L'heure est à la politique de réarmement et de resserrement des alliances, que mènent à bien Poincaré et Doumergue. Il ne perd pas pour autant de vue la situation internationale et les chancelleries sont continuellement tenues en alerte. Le parti radical arrive largement en tête des élections législatives du printemps 1914 et cette majorité de gauche, élue sur le thème de la paix, occasionne au Président un grand embarras pour constituer un cabinet pouvant succéder à Doumergue. Ce dernier profite de la fin de ses fonctions pour entreprendre un voyage en Haute-Autriche. Le 3 août 1914, le jour même de la déclaration de guerre de l'Allemagne à la France, marquant le début de la Première Guerre mondiale, le nouveau président du Conseil René Viviani fait appel à lui pour le remplacer au ministère des Affaires étrangères, lors de la composition de son éphémère premier gouvernement. Puis, il est ministre des Colonies dans les gouvernements qui se succèdent du 26 août 1914 au 19 mars 1917 (gouvernements Viviani II, Briand V et VI). Durant ce mandat, en pleine guerre, il assure la sécurité des possessions françaises et met en place avec le tsar Nicolas II de Russie un traité de paix — qui devient cependant caduc à la suite de la Révolution d'Octobre. En février 1923, il est élu président du Sénat, en remplacement de Léon Bourgeois.
Élection à la présidence
Sa carrière culmine avec son élection à la présidence de la République, le 13 juin 1924, pour un mandat de sept ans. Cette accession à la tête de l'État est le résultat de plusieurs événements politiques successifs. Les 11 et 25 mai qui précédent voient la victoire aux élections législatives du Cartel des gauches, malgré un nombre de voix supérieur pour la droite et grâce à une loi électorale accordant une prime aux alliances. Raymond Poincaré, président du Conseil depuis 1922, désavoué, remet sa démission au président Millerand. Les cartellistes réclament le pouvoir dans les « moindres rouages de l'administration ». Paul Painlevé est porté à la tête de la Chambre grâce aux voix du Cartel emmené aussi par Blum, Herriot et Briand, contre le candidat des droites, André Maginot. La nomination de François-Marsal est prise comme une provocation et son gouvernement ne tient que deux jours. Ainsi, la gauche, qui a obligé Alexandre Millerand à démissionner, croit alors pouvoir porter Painlevé à la présidence, mais les modérés déjouent ses ambitions en se reportant massivement sur Gaston Doumergue, qui bénéficie déjà d'une partie des voix de gauche. Il obtient 515 voix sur 815 votants, contre 309 à Painlevé et 21 à Camélinat, premier candidat communiste à une élection présidentielle.
Politique intérieure
Sans surprise, il nomme le maire de Lyon, Édouard Herriot, à la tête du gouvernement et le charge d'établir une politique de changement symbolique pour satisfaire l'électorat. L'État cartelliste est installé, les présidences des commissions parlementaires étant majoritairement tenues par ses membres, de même que les grands postes des l'administration. Le scandale des irrégularités de la Banque de France renverse le gouvernement et Doumergue se résout à nommer Paul Painlevé à la présidence du Conseil afin de souder les voix radicales et socialistes, jouant habilement des désignations selon le balancier parlementaire. Le 5 juillet 1924, Gaston Doumergue proclame l'ouverture officielle des Jeux olympiques d'été de Paris, lors de la cérémonie d'ouverture se tenant au Stade olympique de Colombes en présence du président du Comité international olympique, Pierre de Coubertin, les membres du CIO, le président du Comité national olympique, Justinien Clary, les membres du CNO ainsi que les 44 délégations participantes.

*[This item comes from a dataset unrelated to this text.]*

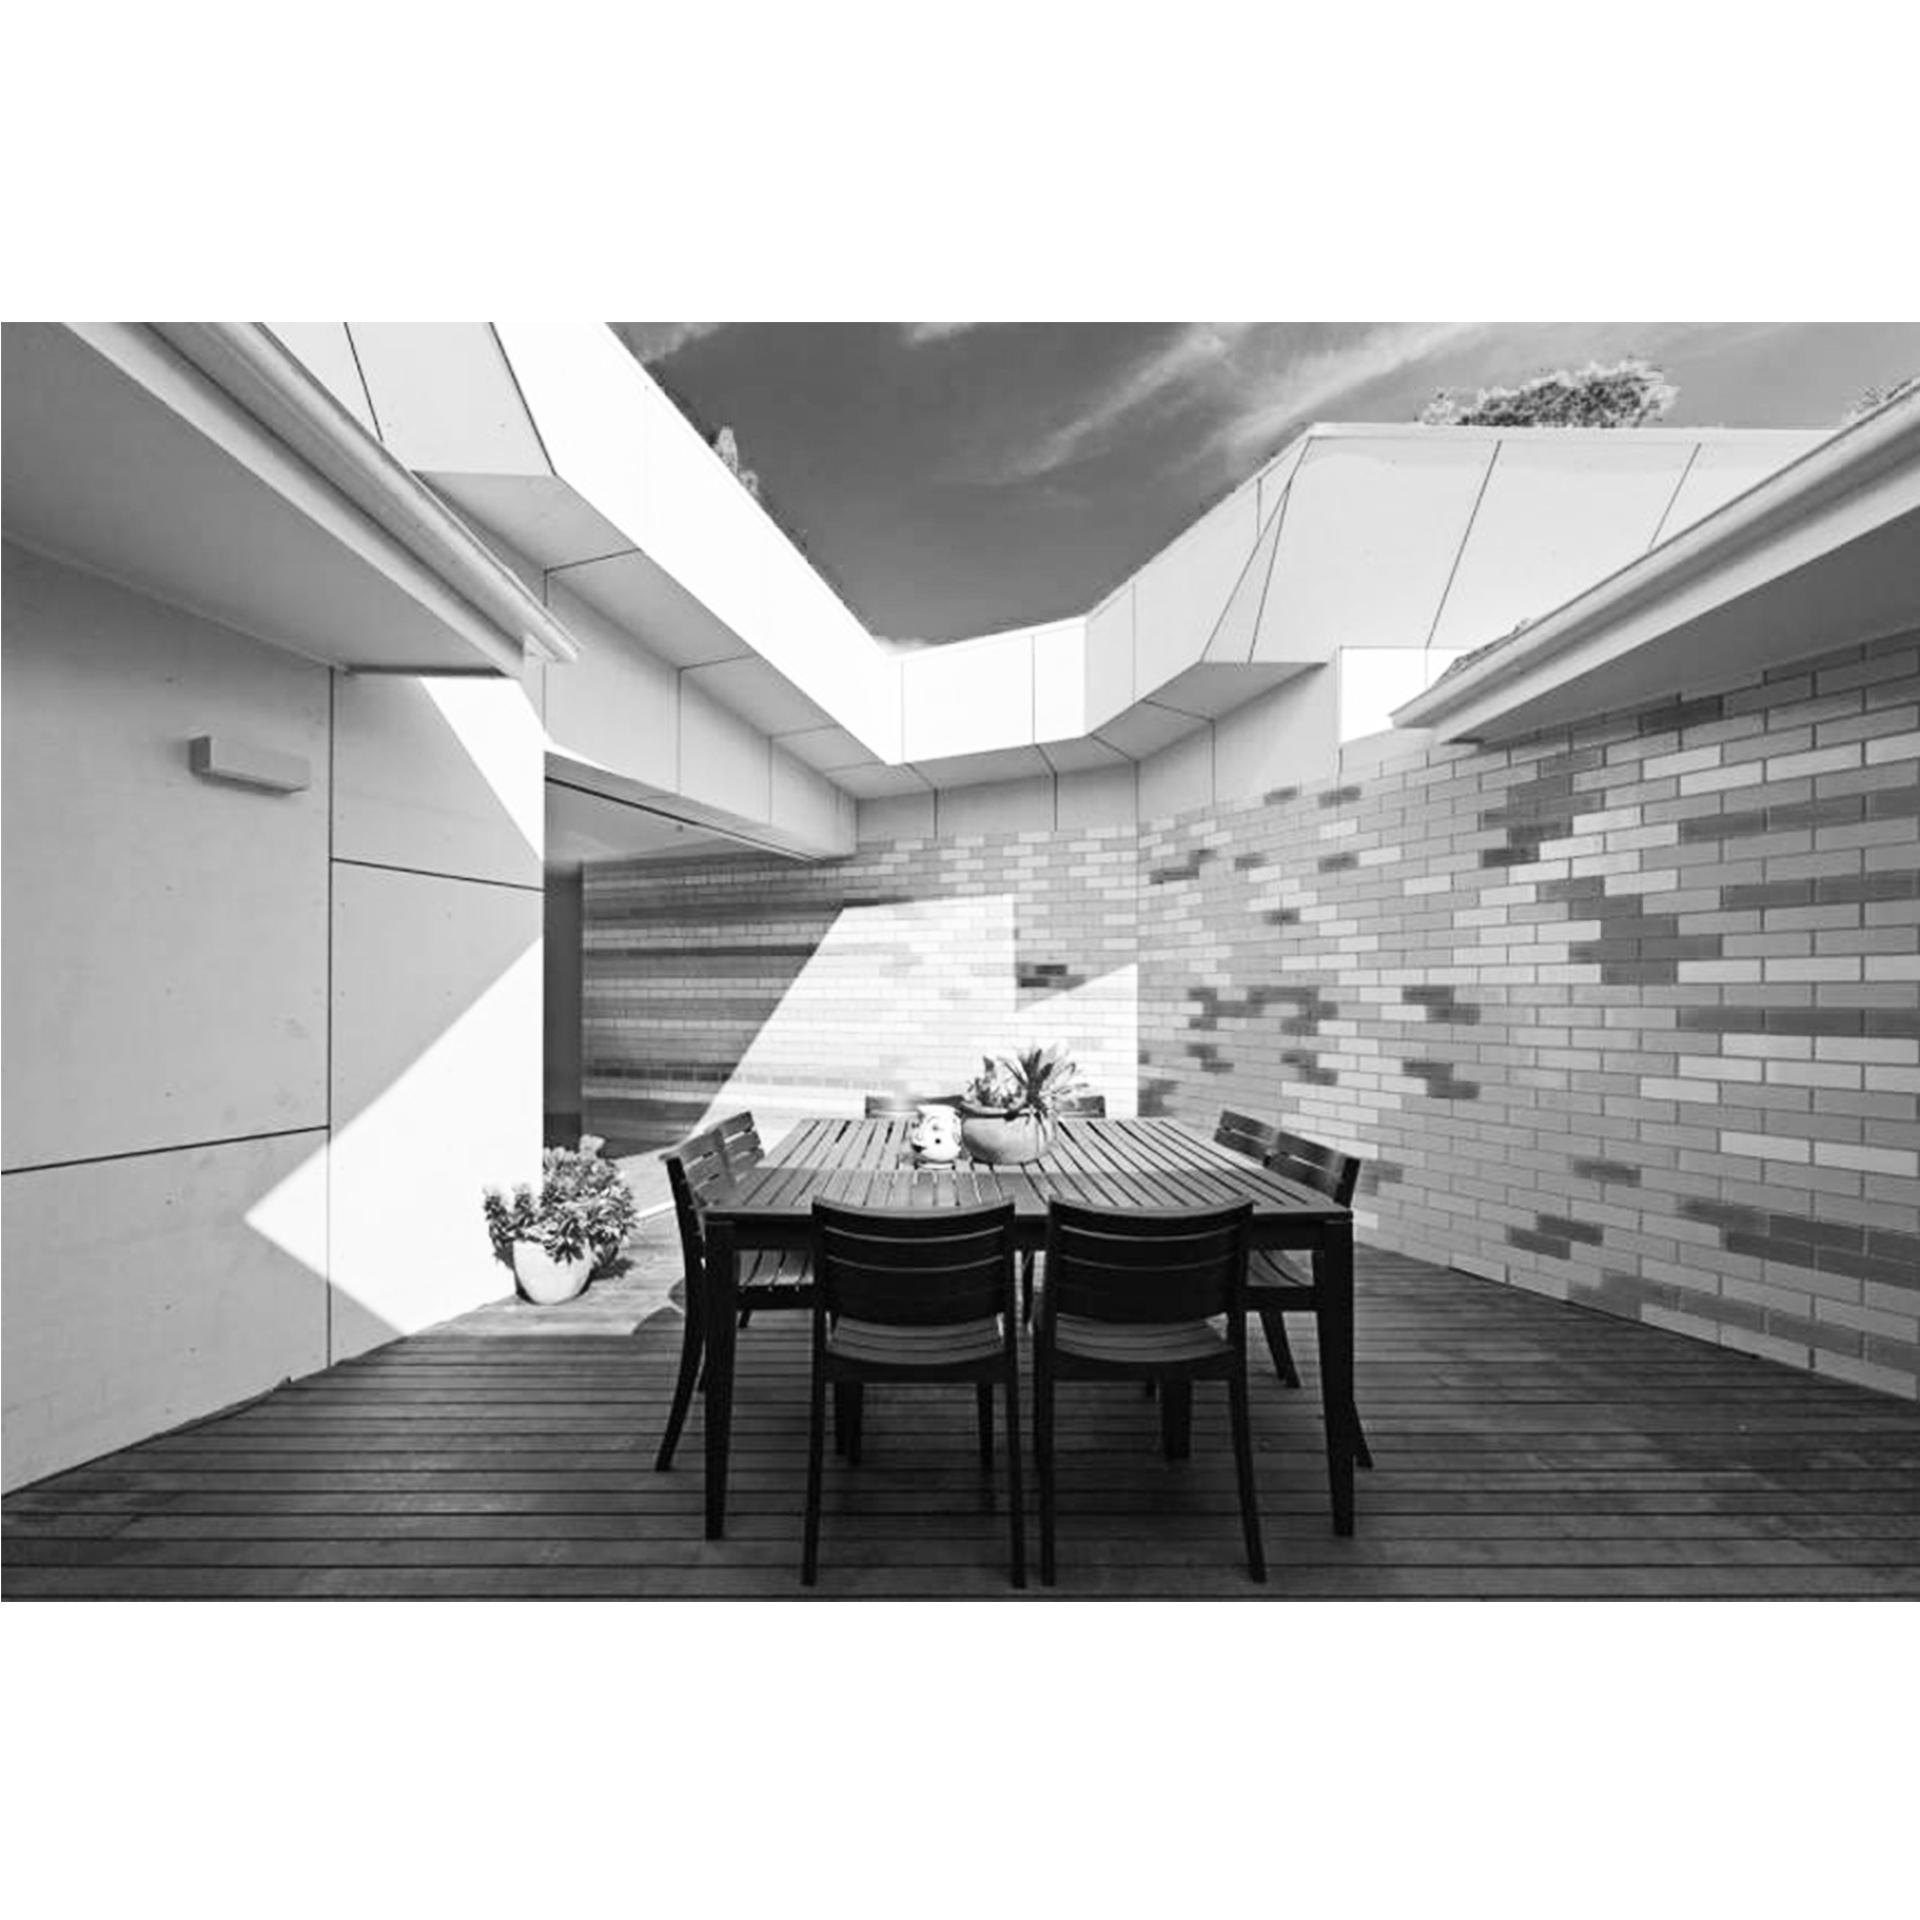 MvS Architects   |   Wattle Ave House
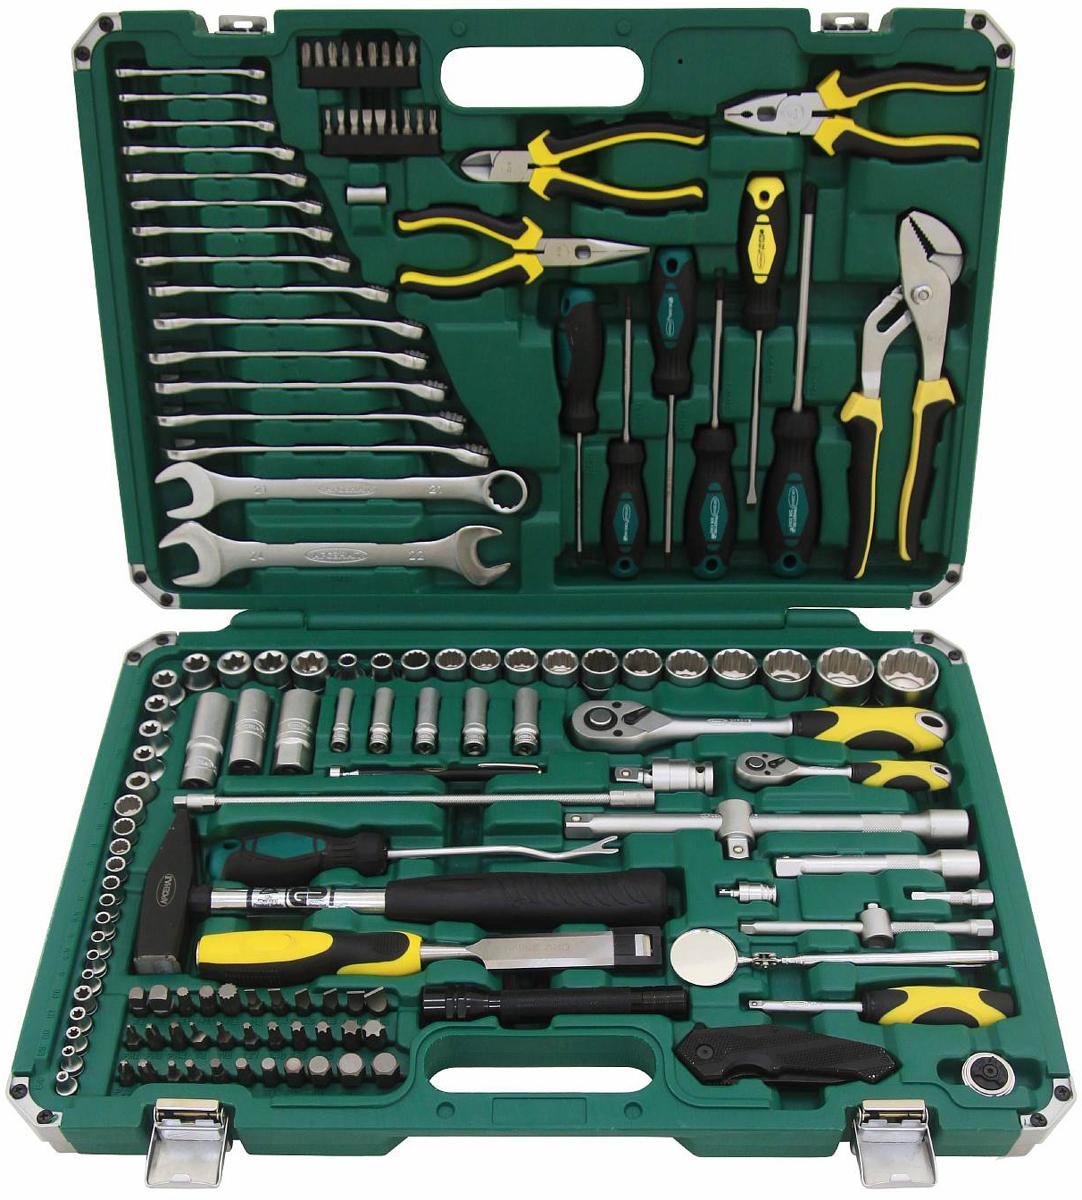 Набор инструментов Арсенал, общефункциональный, 144 предмета8086340Набор инструмента ARSENAL TSM144ABP-WTG (8086340) включает в себя общефункциональные инструменты и инструменты для арматурных работ, используется для ремонта российских автомобилей и содержит 144 предмета. Инструменты Арсенал предназначены для профессионального ремонта в автомастерских.Комплектация:Привод 1/4- Двенадцатигранные головки, 10 штук: 4, 4.5, 5, 5.5, 6, 7, 8, 9, 10, 13 мм- E-головки Torx (звезды), 5 штук: Е4, Е5, Е6, Е7, Е8- Удлиненные двенадцатигранные головки, 5 штук: 8, 10, 11, 12, 13 мм- Удлинители: 50, 150 мм- Гибкий удлинитель 300 мм- Отвертка с присоединительным квадратом- Шаровой шарнир- Трещотка с быстрым сбросом, 72 зуба- Скользящий переходник 1/4(М)х3/8(F)- Трещотка кистевая- Биты: - Шлицевые биты, 5 штук: 3, 4, 5, 6, 7 мм - Биты Phillips, 5 штук: PH.0, PH.1, PH.2, PH.3, PH.4 - Биты Pozidriv, 4 штуки: PZ.1, PZ.2, PZ.3, PZ.4 - Биты Torx, 4 штуки: Т10, Т15, Т20, Т25- Адаптер для бит 1/4 на 1/4Привод 1/2:- Двенадцатигранные головки, 14 штук: 8, 10, 14, 15, 16, 17, 18, 19, 21, 22, 24, 27, 30, 32 мм- E-головки Torx (звезды), 8 штук: Е10, Е11, Е12, Е14, Е16, Е18, Е20, Е22- Удлиненная двенадцатигранная головка 17 мм- Магнитные свечные головки: 16 и 21 мм- Удлинители: 125 и 250 мм- Скользящий переходник 1/2(М)х3/8(F)- Шаровой шарнир- Трещотка с быстрым сбросом, 72 зубаПрочее:- Биты 5/16: - Шлицевые биты, 5 штук: 4, 6,5, 8, 10, 12 мм - Биты Phillips, 3 штуки: PH.2, PH.3, PH.4 - Биты Pozidriv, 2 штуки: PZ.3, PZ.4 - Шестигранные биты Hex, 9 штук: 3, 4, 5, 7, 8, 10, 12, 14, 17 мм - Биты Torx (звезды), 8 штук: Т8, Т10, Т27, Т40, Т45, Т50, Т55, Т60 - Биты Spline, 4 штуки: М8, М10, М12, М14 - Четырехгранные биты, 2 штуки: 8 и 10 мм- Адаптер для бит 5/16 на 1/2- Комбинированные ключи, 15 штук: 6, 7, 8, 9, 10, 11, 12, 13, 14, 15, 16, 17, 18, 19, 21 мм- Ключ рожковый 22х24 мм- Отвертки: - Шлицевая 5,5х125 мм - Крестовые Phillips, 2 штуки: 2х100, 3х150 мм- Torx (звезды), 3 штуки: Т15х100, Т20х100,

Le septennat de Doumergue est marqué par la prospérité de la France d'entre-deux-guerres et les années folles, mais aussi par une forte instabilité ministérielle et des difficultés financières engendrées par la chute du franc. Appelé au ministère des Finances en juillet 1926, Poincaré instaure une politique d'austérité en ramenant le franc à sa valeur réelle par une forte dévaluation, ramène la confiance et parvient à doper une économie en berne. Cette politique néo-libérale engendre aussi une période de prospérité économique et financière, à l'heure où les États-Unis sont touchés de plein fouet par l'effondrement boursier de 1929. Les progrès de l'industrie technique, en particulier dans la sidérurgie et l'automobile, participent à la croissance du pays. La capacité de production augmente ainsi de 45 % sur la décennie 1920. Pour accompagner ce développement, Doumergue renforce une politique centriste et institue les assurances sociales ouvrières.
Politique extérieure
En politique extérieure, il se déclare partisan d'une politique de fermeté vis-à-vis de l'Allemagne face au nationalisme renaissant dans une partie de l'Europe, mais aussi en France. Il se heurte à des difficultés : les Alliés ne parviennent pas à s'entendre sur l'Allemagne. Forcée d'évacuer la Ruhr, la Sarre et la Rhénanie entre 1925 et 1930, la France de Doumergue est aussi dupée par le chancelier allemand Stresemann malgré la signature du pacte de sécurité collective de Locarno. Les désaccords avec son ministre des Affaires étrangères, Aristide Briand, ne font qu'aggraver les crises coloniales en Syrie et au Rif. Après l'échec des tentatives de concertation du préfet en place au Maroc, Doumergue décide d'envoyer le maréchal Pétain, qui remporte rapidement la guerre du Rif.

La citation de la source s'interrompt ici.